Significance. If the attribution to visual grounding is substantiated, the result would be significant: it supplies concrete evidence that a large fraction of existing video benchmarks and training corpora do not actually require multimodal reasoning, and demonstrates that inexpensive filtering can produce larger gains than current algorithmic post-training innovations. This would redirect attention toward systematic dataset auditing and curation rather than solely toward new RL objectives or architectures.

major comments (3)
  1. [Abstract / §3] Abstract and §3 (filter construction): the paper states that 40-60% of questions are text-only solvable and that the VidGround filter removes precisely the non-grounded remainder, yet provides no description of the procedure used to label questions as text-only (model, prompt template, temperature, decision threshold, or human validation set). Without these details the claimed 69.1% retention rate and the subsequent performance numbers cannot be reproduced or stress-tested.
  2. [§4 / Table 2] §4 (main results) and Table 2: the headline +6.2 point gain is reported only for the VidGround subset versus the full dataset. No control experiment is shown for a random 69.1% subset, a length-matched subset, or a difficulty-matched subset. Consequently the observed lift cannot yet be attributed to removal of text-only questions rather than to incidental effects of reduced volume or altered answer distribution.
  3. [§4.2] §4.2 (RL post-training details): the manuscript asserts that “data curation with a simple post-training algorithm outperforms several more complex post-training techniques,” but does not list the exact RL algorithms, reward models, hyper-parameters, or training budgets used in the comparison. This omission prevents verification that the reported superiority is driven by the data filter rather than by differences in optimization setup.
minor comments (1)
  1. [Abstract] The project page is referenced but no supplementary material, code, or filtered dataset splits are linked in the main text, which would materially aid reproducibility.
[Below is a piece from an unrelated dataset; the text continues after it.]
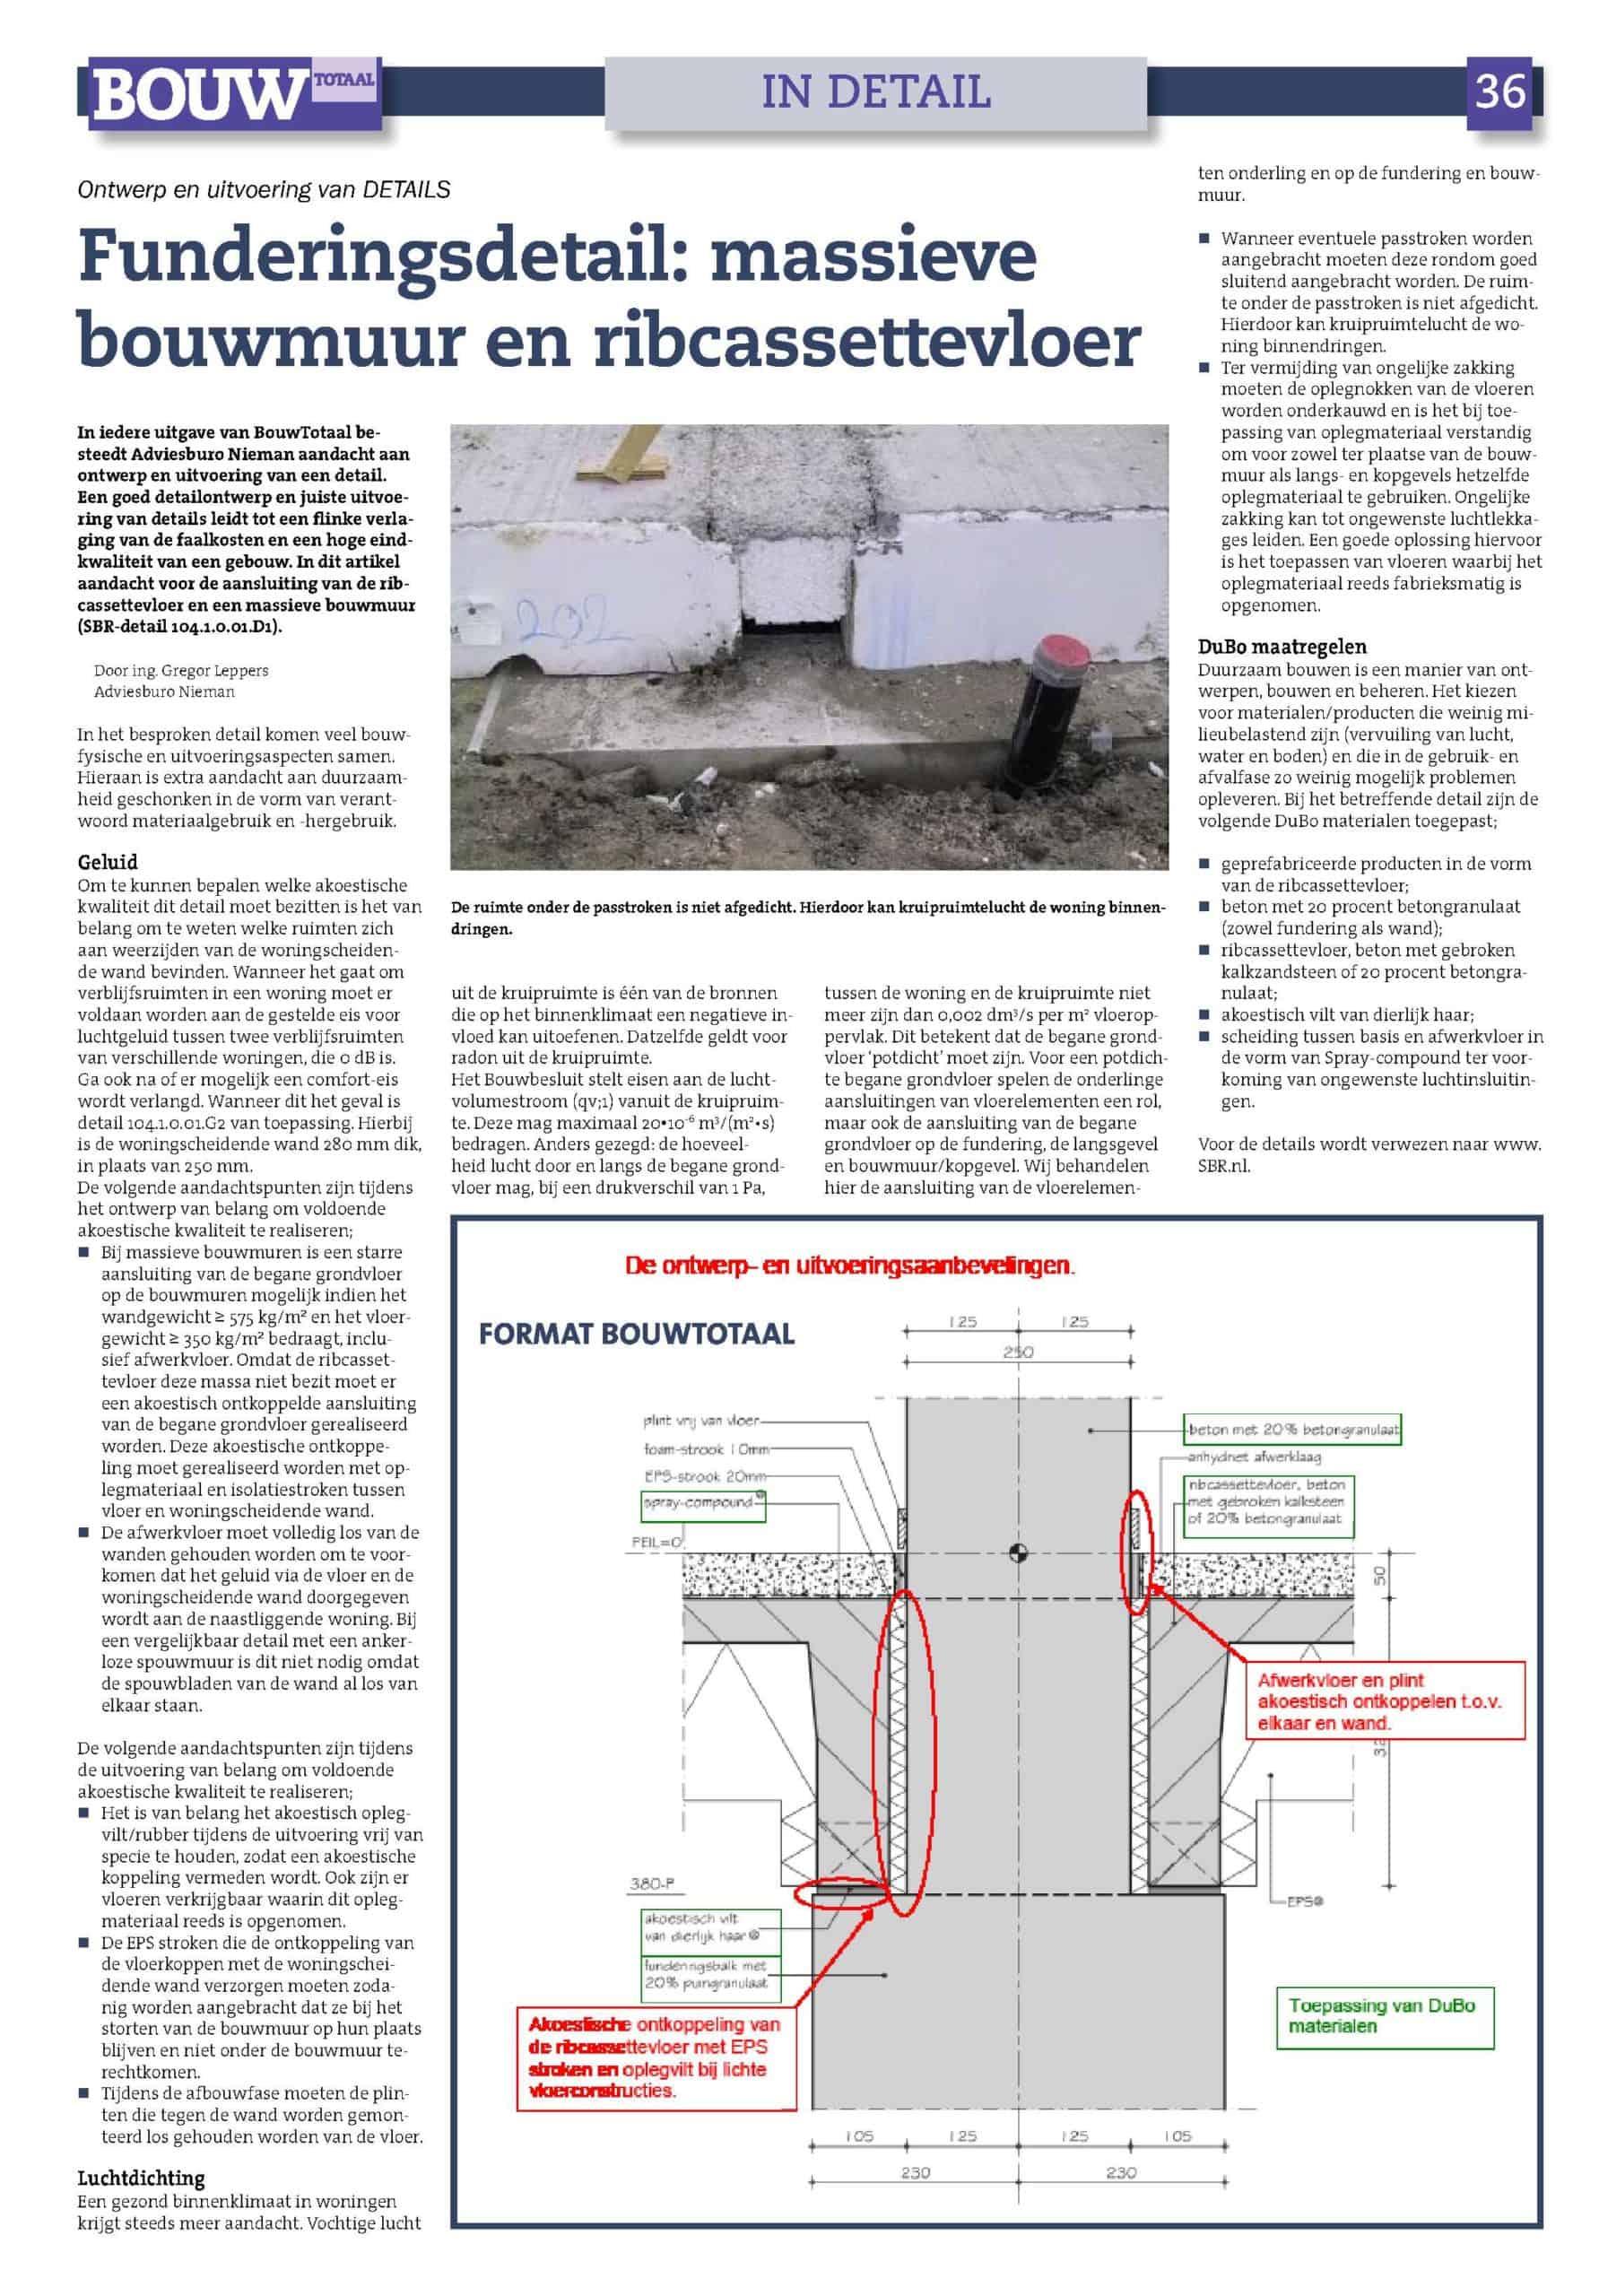 Bouwtotaal_BT.09.10.Detail_Funderingsdetail-massieve-bouwmuur-en-ribcassette-vloer_GLe-1-scaled
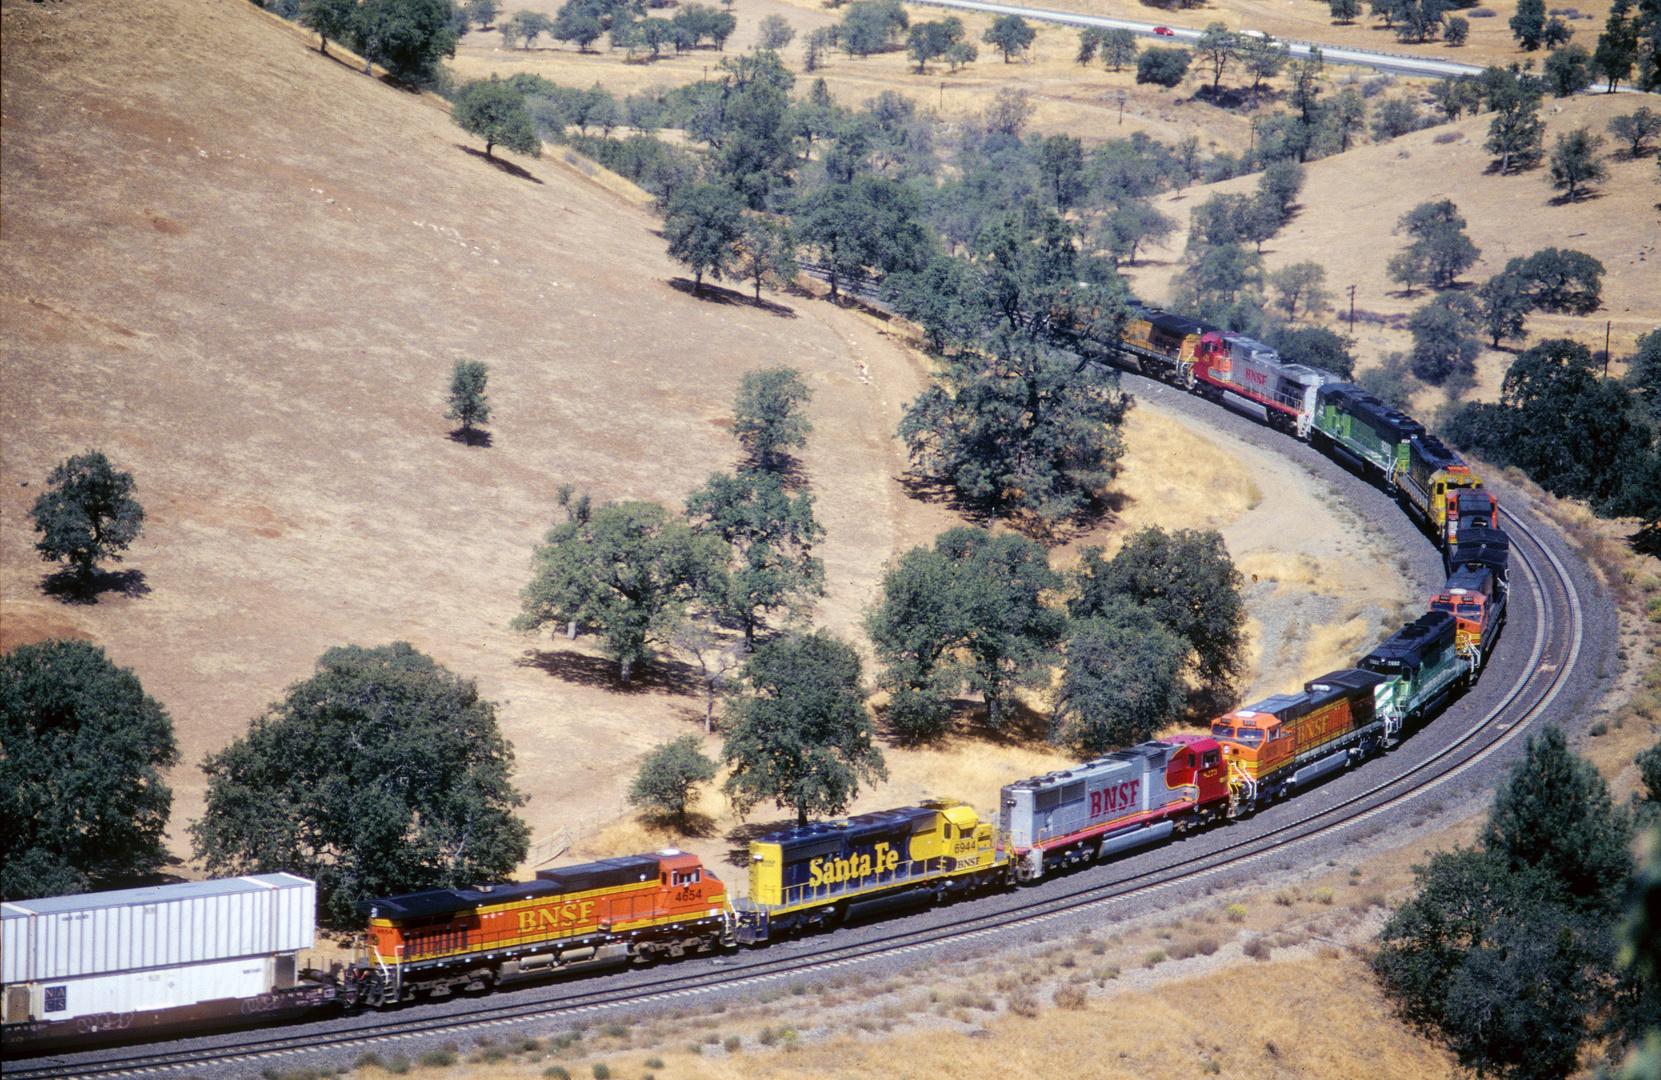 11 Lokomotiven der BNSF ziehen am Tehachapi Loop bergaufwärts einen ca. 2 km langen Güterzug, CA

Simulated Author's Rebuttal

3 responses · 0 unresolved

We thank the referee for their constructive and detailed feedback, which has identified important opportunities to improve the clarity, reproducibility, and evidential strength of our work. We respond to each major comment below and will incorporate revisions to address the concerns raised.

read point-by-point responses
  1. Referee: [Abstract / §3] Abstract and §3 (filter construction): the paper states that 40-60% of questions are text-only solvable and that the VidGround filter removes precisely the non-grounded remainder, yet provides no description of the procedure used to label questions as text-only (model, prompt template, temperature, decision threshold, or human validation set). Without these details the claimed 69.1% retention rate and the subsequent performance numbers cannot be reproduced or stress-tested.

    Authors: We agree that the absence of these implementation details limits reproducibility. In the revised manuscript we will expand §3 with a full specification of the text-only solvability labeling procedure, including the exact text-only model and version used, the complete prompt template, the temperature setting, the decision threshold or matching criterion for classifying a question as text-only solvable, and the protocol and results of any human validation performed on the automatic labels. These additions will allow independent reproduction of the 69.1% retention rate and the VidGround filter. revision: yes

  2. Referee: [§4 / Table 2] §4 (main results) and Table 2: the headline +6.2 point gain is reported only for the VidGround subset versus the full dataset. No control experiment is shown for a random 69.1% subset, a length-matched subset, or a difficulty-matched subset. Consequently the observed lift cannot yet be attributed to removal of text-only questions rather than to incidental effects of reduced volume or altered answer distribution.

    Authors: We acknowledge that the current results lack these controls and that they are necessary to isolate the contribution of visual grounding. In the revised version we will add an experiment using a randomly sampled 69.1% subset of the original post-training data to demonstrate that simply reducing data volume does not produce comparable gains. We will also include or discuss length-matched and difficulty-matched controls to the extent they can be constructed, along with analysis of any shifts in answer distribution, to strengthen the attribution of the observed improvements to the removal of non-grounded questions. revision: yes

  3. Referee: [§4.2] §4.2 (RL post-training details): the manuscript asserts that “data curation with a simple post-training algorithm outperforms several more complex post-training techniques,” but does not list the exact RL algorithms, reward models, hyper-parameters, or training budgets used in the comparison. This omission prevents verification that the reported superiority is driven by the data filter rather than by differences in optimization setup.

    Authors: We thank the referee for noting this omission. Although the comparisons were performed under a consistent post-training framework, the specific configurations were not enumerated. We will revise §4.2 to include a detailed description or table specifying the RL algorithms, reward models, all hyper-parameters, and training budgets (steps, batch sizes, learning rates, etc.) used both for the VidGround-filtered data and for the more complex post-training baselines. This will confirm that performance differences are attributable to the data curation rather than to variations in the optimization setup. revision: yes

Circularity Check

0 steps flagged

No significant circularity in empirical data filtering and RL evaluation

full rationale

The paper is an empirical study that identifies text-only answerable questions in benchmarks and post-training datasets via measurement, filters to a visually grounded subset, and applies standard RL post-training algorithms to report measured performance gains. No equations, fitted parameters renamed as predictions, self-definitional constructs, or load-bearing self-citations appear in the derivation chain; the central claims rest on external dataset measurements and experimental outcomes rather than reducing to the inputs by construction.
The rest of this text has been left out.